Shiloh (; Hebrew: šīlō  or šīlōh ) is a figure mentioned in the Hebrew Bible in Genesis 49:10 as part of the benediction given by Jacob to his son Judah. Jacob states that "the sceptre will not depart from Judah... until Shiloh comes...".

Versions and translations
The Latin Vulgate translates the word as "he ... that is to be sent" (Latin: donec veniate qui mittendum est), which would be the equivalent of the Hebrew shaluach (, "messenger"), indicating a possible corruption of the text (on either side). The Peshitta has "the one to whom [it] belongs" Similarly, the Septuagint translates the word to "the things stored up for him".

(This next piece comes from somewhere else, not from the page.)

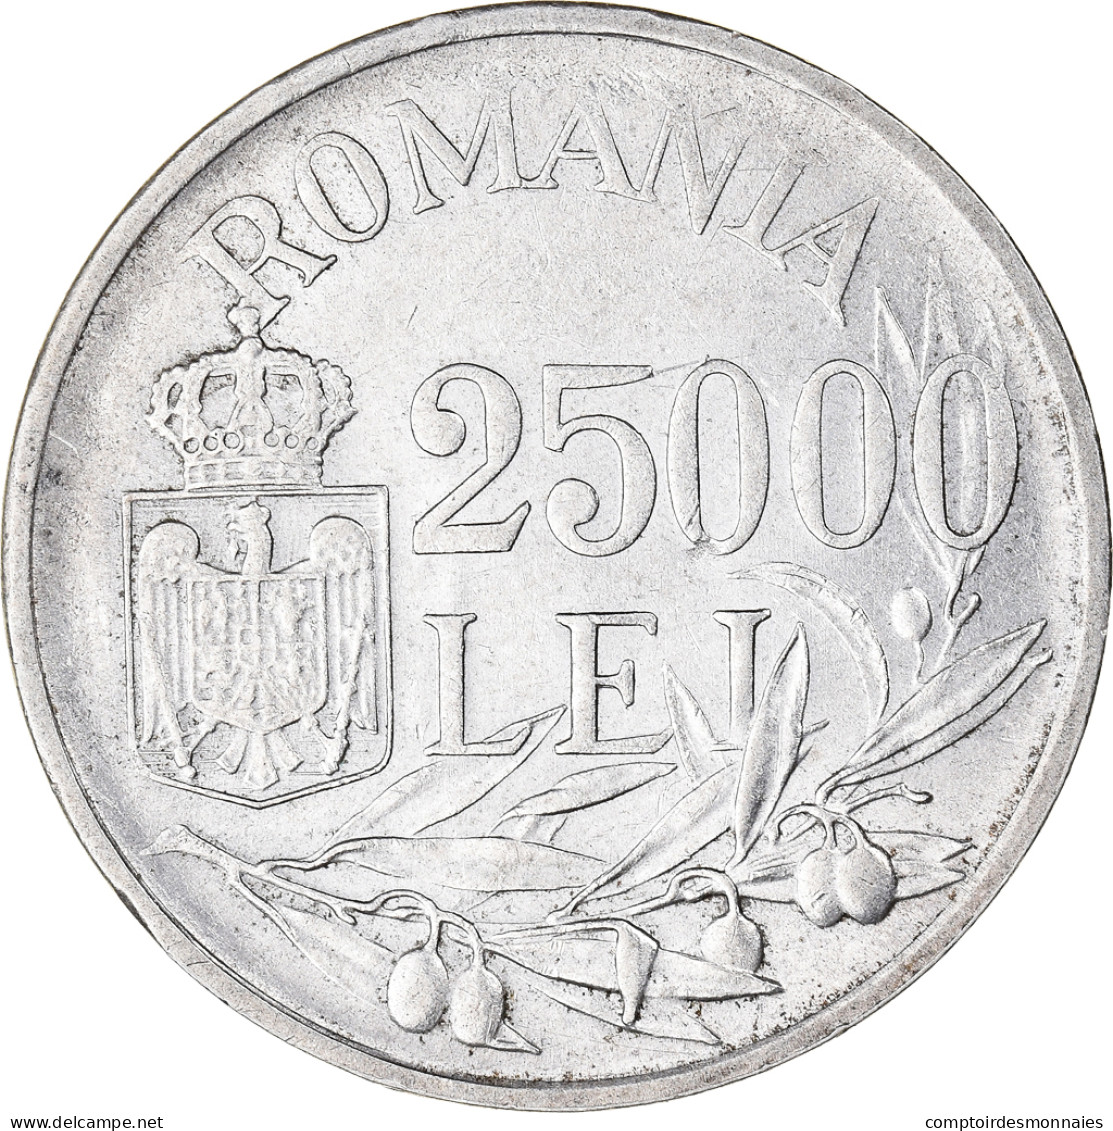 Monnaie, Roumanie, Mihai I, 25000 Lei, 1946, SUP, Argent, KM:70 - Roumanie

Some English translations retain the word "Shiloh", either as a title ("until Shiloh come," King James Version) or as a place name ("as long as men come to Shiloh," JPS Tanakh). Other translations render the whole phrase in English, yielding "until he comes to whom it belongs" (Revised Standard Version), "until tribute comes to him" (English Standard Version) or "until He whose right it is comes" (Holman Christian Standard Bible).

Interpretation

The reference to sceptre and the Tribe of Judah has led many people to view this verse as a Messianic prophecy.  mentions the lion of Judah that also is recalled in the Latin Exorcism against Satan and the apostate angels. In the exorcism, Jesus the Lord is prayed as follows: "Vícit Leo de tríbu Júda, rádix Dávid" (The Lion of the tribe of Judah, the root of David hath conquered). The verse explains Genesis 49.9-10 while indicating Christ as the Good Shepherd, preceded by the sceptre of His ancestor king David and by the law-giver of Moses.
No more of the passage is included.